Удивленные кадеты подождали немного, а затем закричали хором, повторяя за Фишером:
— Принесите тарелки! Тарелки сюда!
Томан, оскорбленный, хотел было уйти, но его не пустили. Да и невозможно было выйти.
Шум бурно нарастал в переполненной комнате.
Наконец среди криков, перед растерявшимися поварами на пороге появился Гринчук.
— Что тут происходит? — чопорно, притворяясь спокойным, проговорил он на неуклюжем немецком языке. — Принесите книгу рапортов. По-моему, никто не подавал заявления.
Тут в пространстве между Томаном, чувствующим себя пленником здесь, и Гринчуком, загораживающим дверь, взвилось пламя оглушительных криков — и пожар этот перекинулся в соседние помещения.

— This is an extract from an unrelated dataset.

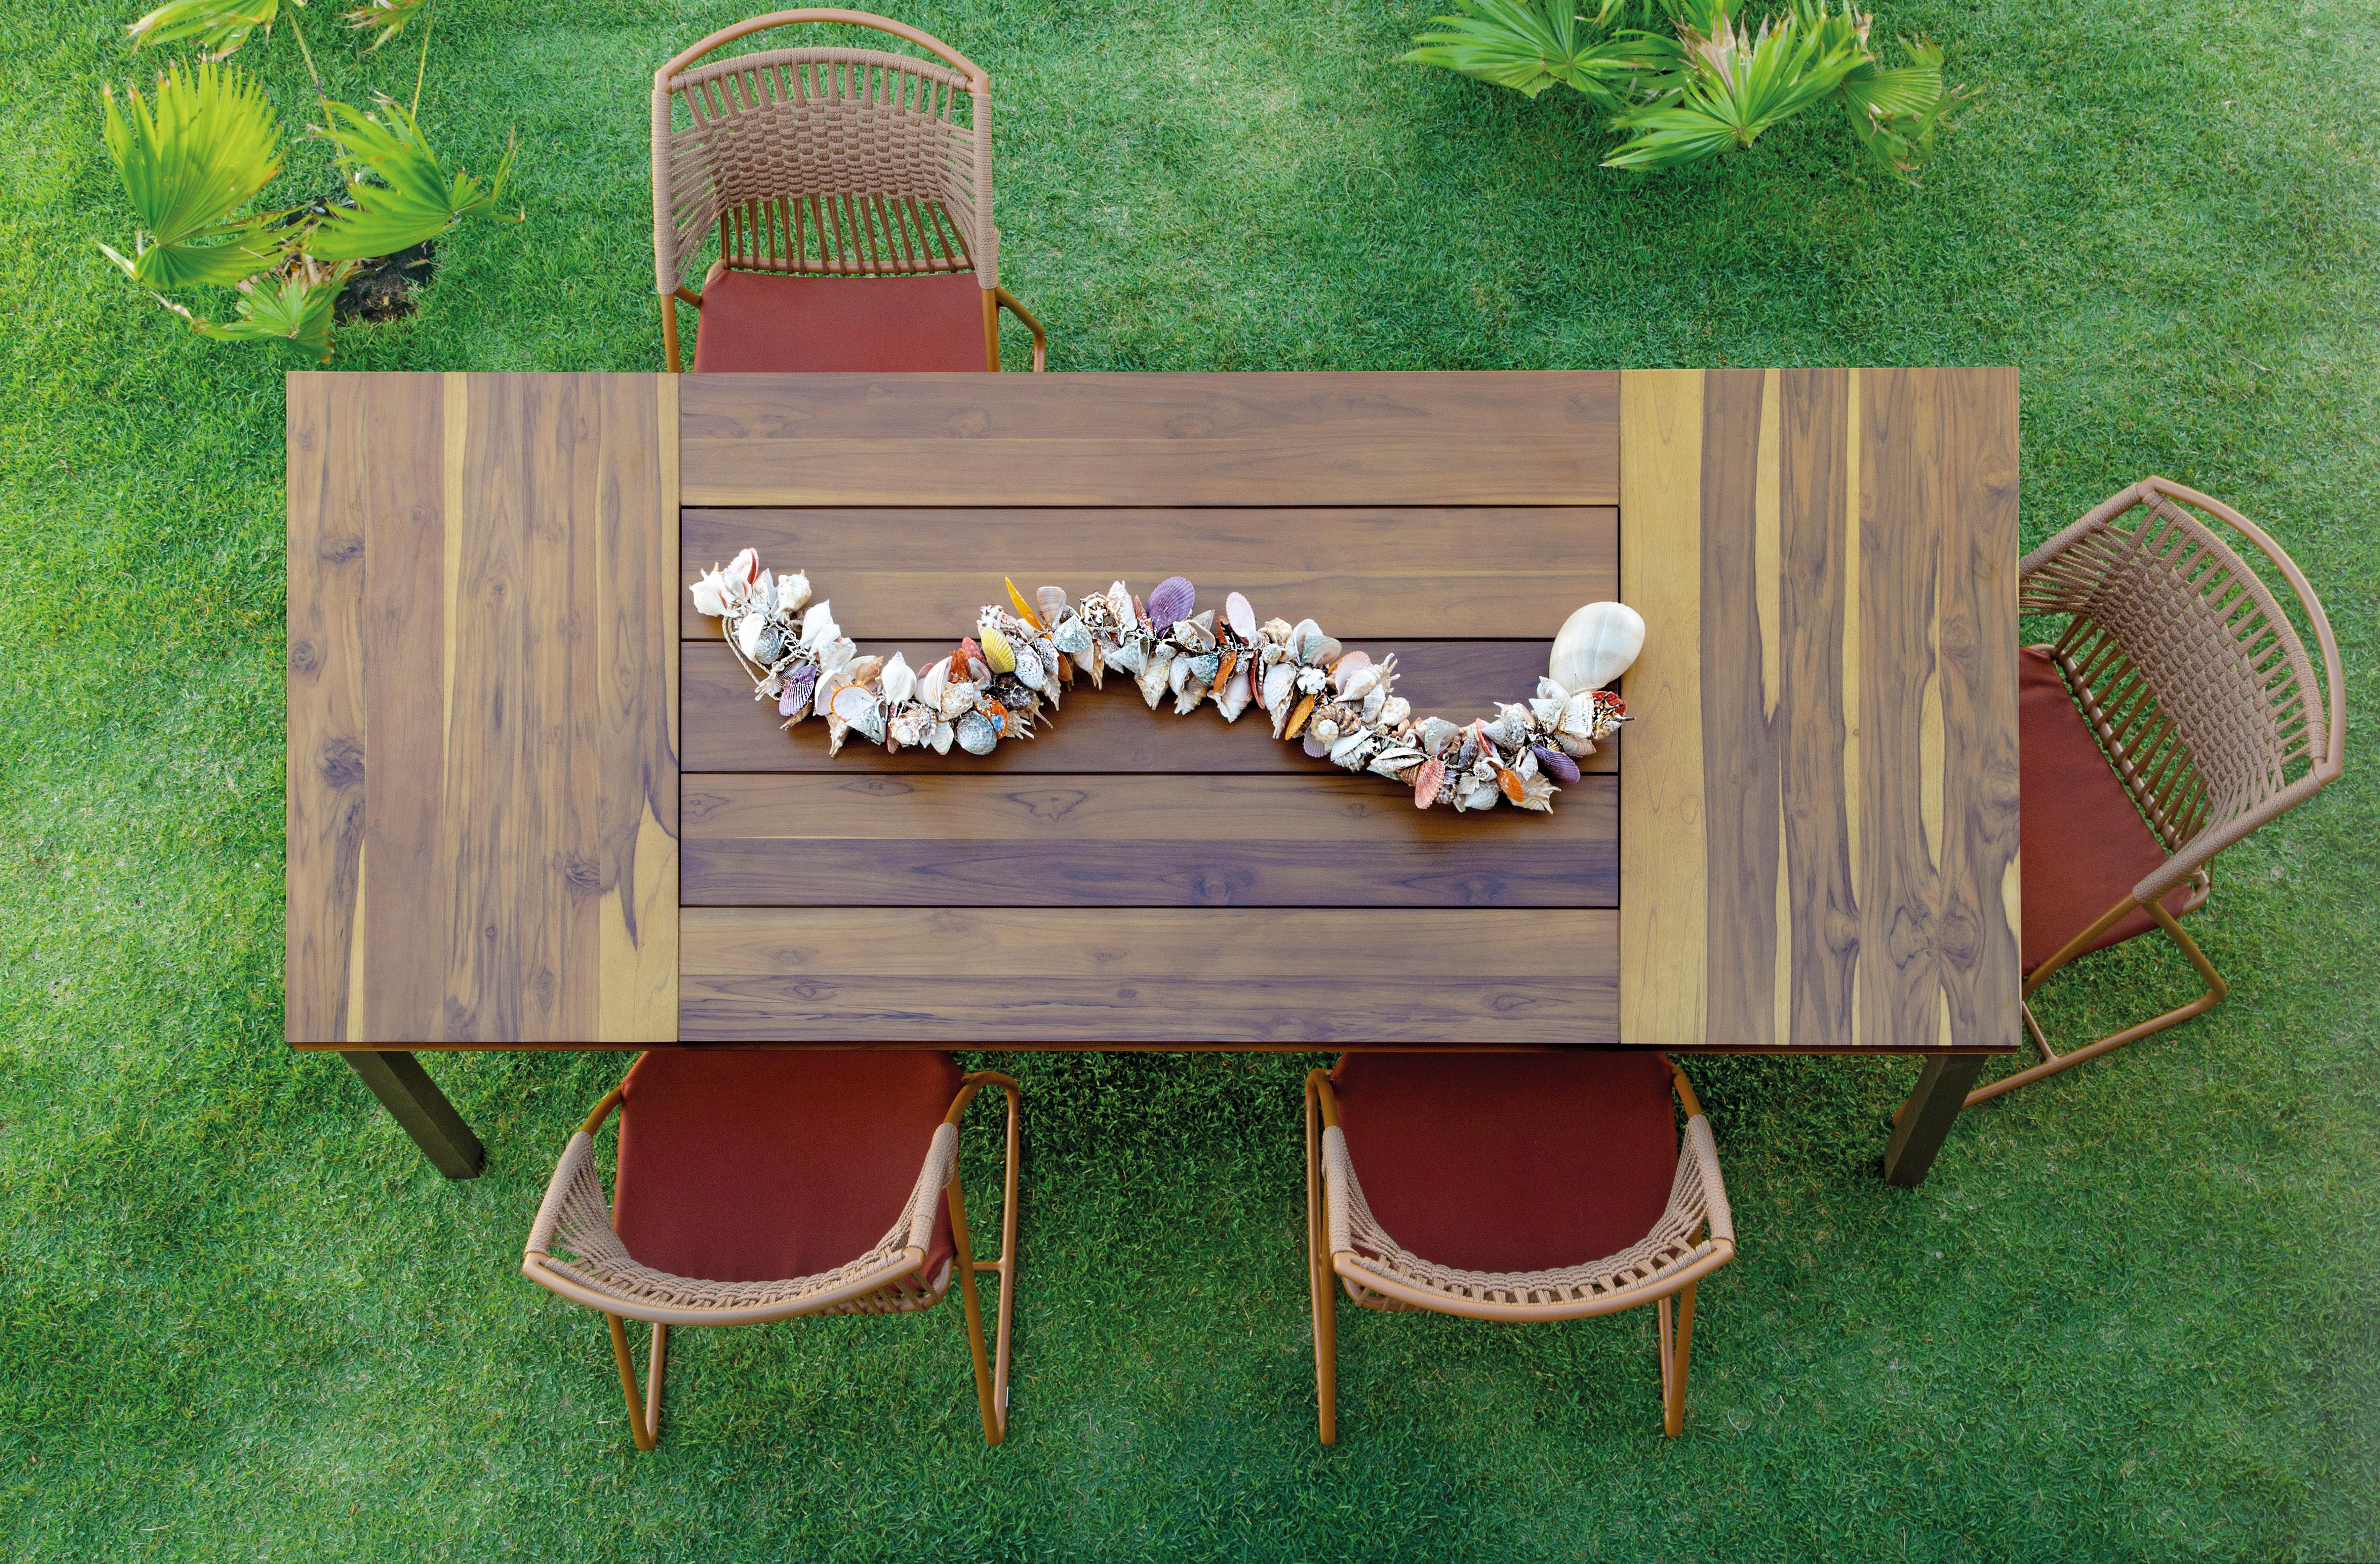 Der Iemanjá Outdoor-Tisch ist aus Aluminiumrohr gefertigt und mit einer hochbeständigen elektrostatischen Lackierung versehen.
Die Farben können an Ihr Projekt angepasst werden. Der Farbkatalog ist riesig. Fordern Sie virtuelle Muster an.
Die Platte

Томан смотрел, как молча поднялся в напрасном ожидании чего-то лейтенант Петраш. Видел лейтенанта Слезака в очках — тот злобно и упорно, покраснев до висков, старался перекричать гвалт, требуя хлеба. Томан слышал где-то сбоку звучный голос Ржержихи, который, однако, вдруг разом впитался в шум, как вода в песок.
Поверх всех голосов выделялся пронзительный крик Фишера, который неотступно наседал на одного из поваров.

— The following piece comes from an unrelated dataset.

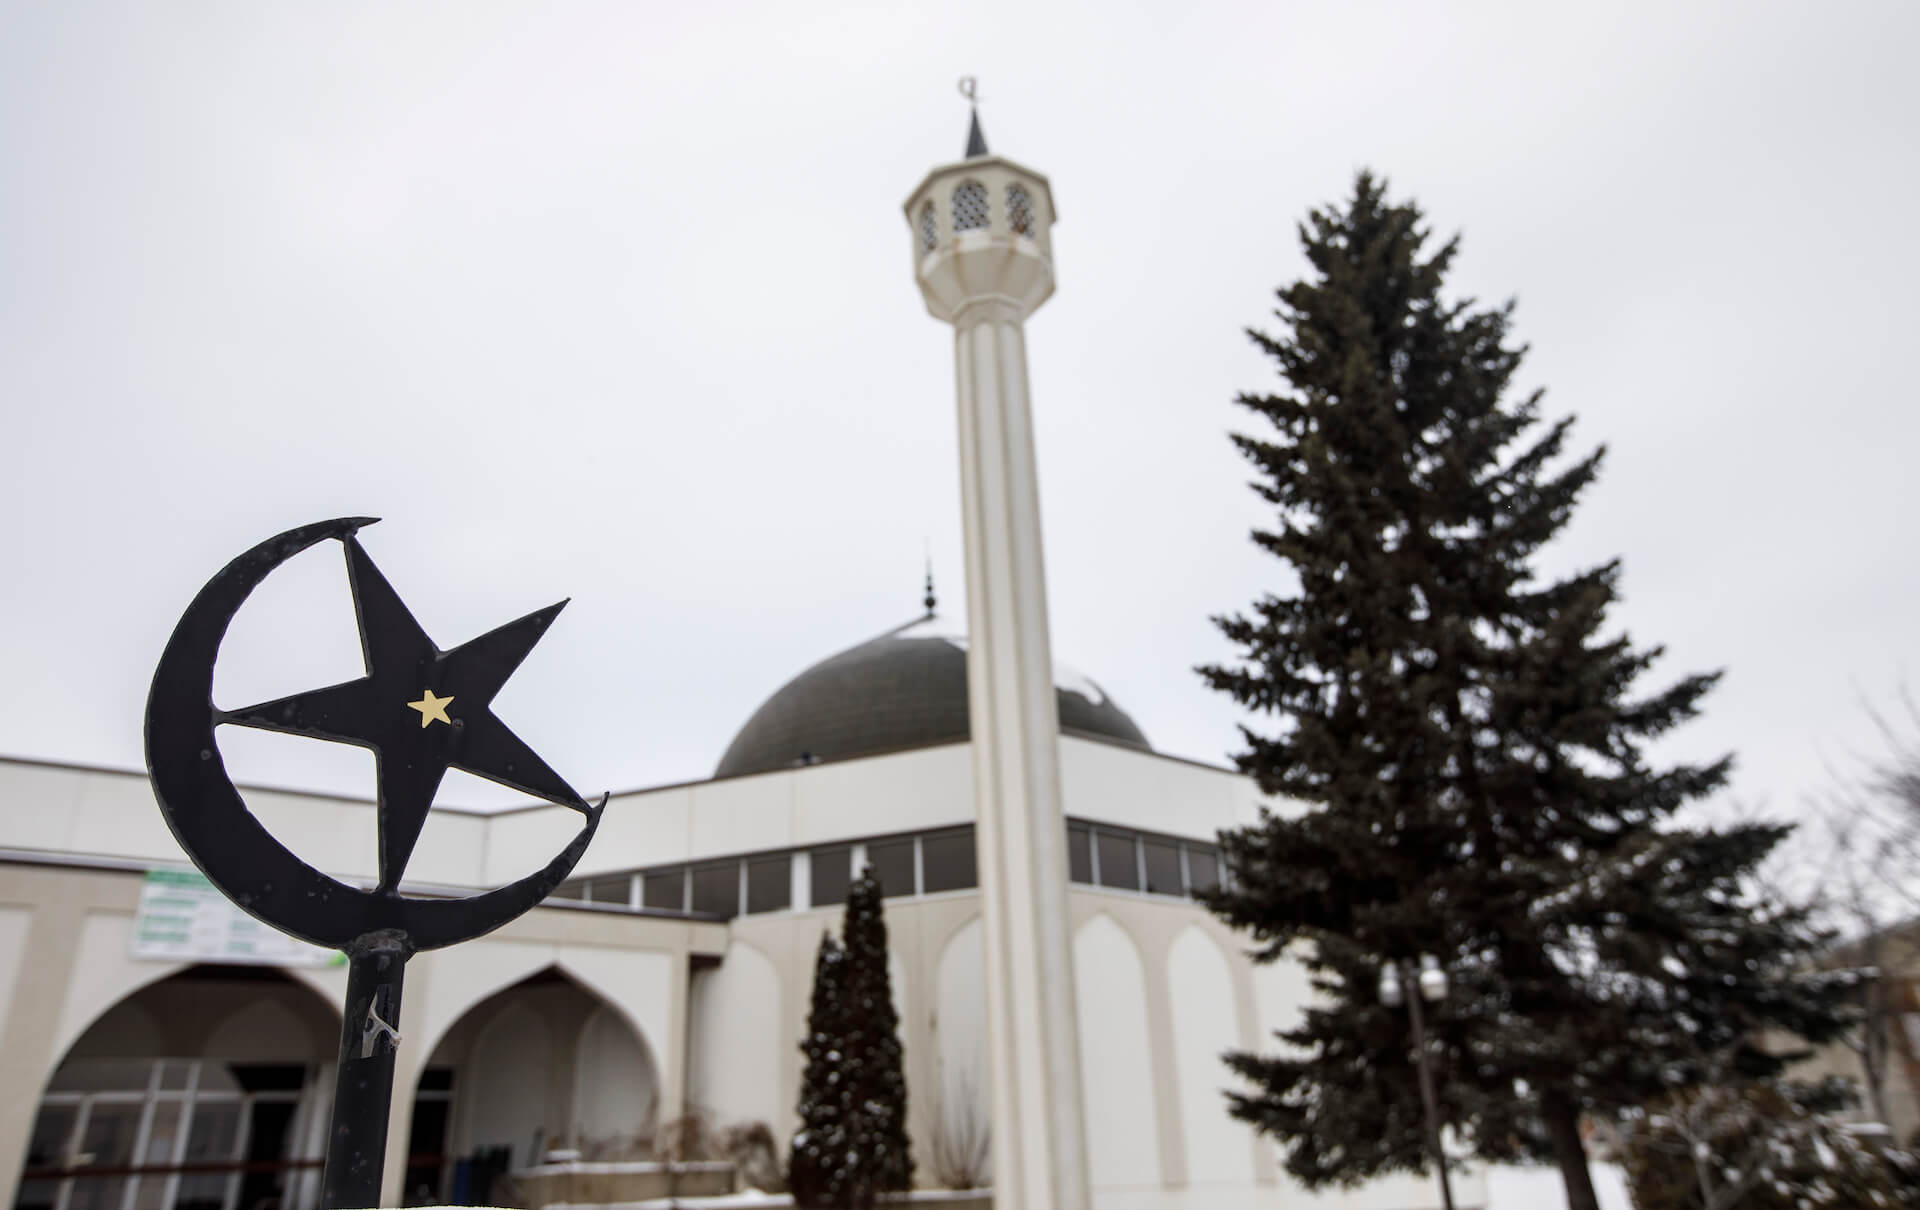 Image de la mosquée Al Rashid du nord-ouest d'Edmonton

— Тарелку лейтенанту Томану!
Выкрики всех остальных сотрясали стены:
— Скандал, скандал!
Кадет Блага завопил:
— Долой менажмайстера! [164]
В конце концов Фишер передвинул свою тарелку к Томану и, силой усаживая его на лавку, закричал:
— Он будет есть здесь! Он такой же пленный, как все!
— Скандал! Скандал! — дружно наступали кадеты на Гринчука.
Позади Гринчука, выдерживавшего их напор с вызывающим спокойствием, появилось страдальческое лицо капитана. Он обращался только к Гринчуку, и взгляд у него был как ласковые руки в перчатках.
— Не стоит, — сказал он и сам велел поварам принести прибор.
Вскоре двое сбитых с толку пленных солдат стали накрывать маленький столик у двери, поспешно унося с него груды приготовленных тарелок и приборов.
Столовая утихла.
— Это что? — среди тишины спросил вдруг Фишер.
И тут же он понял. Покраснев, он вскочил, резко оттолкнул испуганного солдата, вырвал из рук его тарелку и поставил ее на стол напротив себя с такой силой, что едва не разбил. Остальные, тоже угадав замысел кухонного начальства, снова зашумели.
— Томан будет есть за этим столом! — переводя дух, воскликнул Фишер.
После этого во всех комнатах воцарилась тишина. Томана заставили занять место за общим столом; его окружило плотное кольцо преданных глаз.
— Он такой же пленный, как все! — торжествуя свою победу, заключил Фишер — и словно камень швырнули в спокойную воду, — гладь тишины возмутилась, заволновалась. Можно было расслышать чей-то брезгливо сторонящийся приглушенный голос.
— Ну, пожалуй, это и не совсем так! Кое-кто изменил императору, а норовит по-прежнему жить за его счет…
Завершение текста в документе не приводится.